Taking God on Trust

Indian Express
August 30

Ekam Sadviprah Bahudha Vadanti…


TRUTH is not a belief, it is an experience. The experience does not happen in the domain of thought or mental processes. It happens in our heart, in our being or soul; and we may also call it consciousness. It is a form of realisation without any conflict of dogma or any belief system. So those who realise the truth, also realise the vastness of that truth which is multidimensional. And those who chose to believe in truth without any realisation of their own, often become stuck with the one dimension they call their religion or sect. This gets entrenched in the mind and they become overpowered by this thought. This thought, which has no roots in the realisation of truth or meditation, becomes the source of all conflicts of beliefs and dogmas. They raise the flags of their beliefs and kill the truth with the sticks of their flags.

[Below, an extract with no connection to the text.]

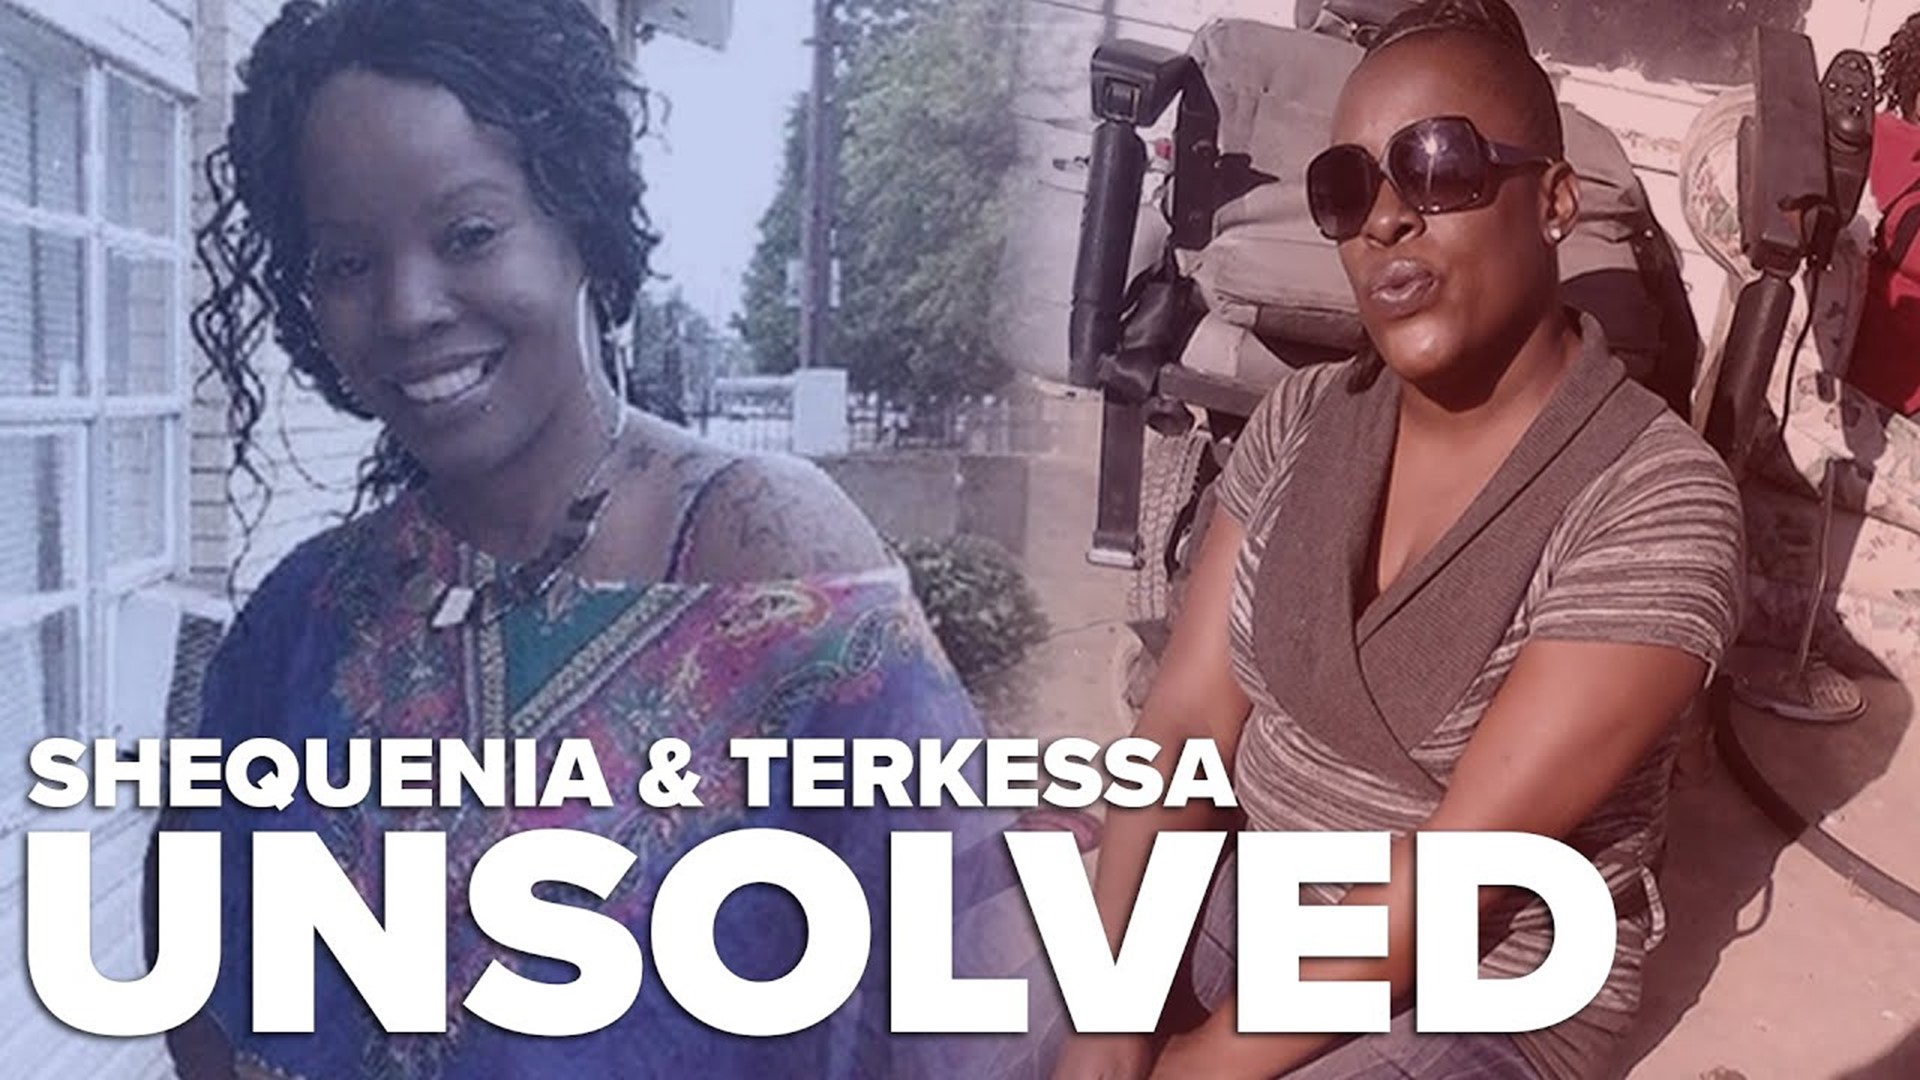 36-year-old Shequenia Burnett and 34-year-old Terkessa Wallace shared their childhood as close friends, growing up together and sharing their lives. Later, they woul

Osho tells an edifying story to illumine this point. Apparently, when Alexander the Great came to conquer India, he met a sanyasi, who was actually a great sage. The sage’s name was ‘Dandamis’; at least, that is how Greek historians seem to have pronounced it. Alexander questioned the sage: ‘‘Do you believe in God?’’ The sage remained silent. Alexander said, ‘‘I cannot see, so how can I believe? How do you believe without seeing him?’’ The naked sage laughed. He took Alexander by his hand towards the marketplace. Alexander followed — maybe he was taking him somewhere where he could show him God. A small boy was flying a kite, and the kite had gone so far away that it was impossible to see it. The sage smiled secretly and stopped there, and the king of the Macedons waited impatiently. The sage asked the little boy, ‘‘Where is your kite? Because we cannot see it, and without seeing, how can we believe it is actually in existence? So where is that kite of yours? How do you still believe the kite exists?’’ The boy laughed merrily and looked pityingly at the sage for asking such an absurd question. He said, ‘‘I can feel the pull of it.’’ And the sage said to Alexander, ‘‘I can also feel the pull of it.’’

Trust is nothing but the feel of the pull. You don’t see — one has never seen God; only the pull is felt. But that is enough, that is more than enough. But then you have to be in a certain state where the pull can be felt. It cannot be learnt from scriptures; it is not a doctrine. Nobody can explain it: you have to feel the pull.
The old sage laughed. Alexander also realised that it had been a revelation. But the sage said, ‘‘Wait, no need to believe in me. You take the thread in your hand and feel the pull, because who knows? This boy may be deceiving. Never believe. Feel the pull.’’ If Alexander had gone away just listening to the boy, it would have been a belief. But he felt the pull: the kite was there on the other end, the pull was here on this end. He could feel the force. He thanked the old sage.

Meditation is a state where you allow yourself to feel the pull of existence. That pull has been called by many names. In the Upanishads they say, Ekam Sadviparah Bahudha Vadanti — that Truth is One. But sages have called it many names.

For a man of deep understanding, the Truth is multidimensional — because he can penetrate to the very depth of life and existence and can see a different viewpoint besides the one he has received or is trained in. He is not enclosed in his own viewpoint, in his own philosophy, in his own doctrine. He is an opening into the vast sky. His mind is empty and his heart is full of wonder. His being thrills with the bliss of realisation.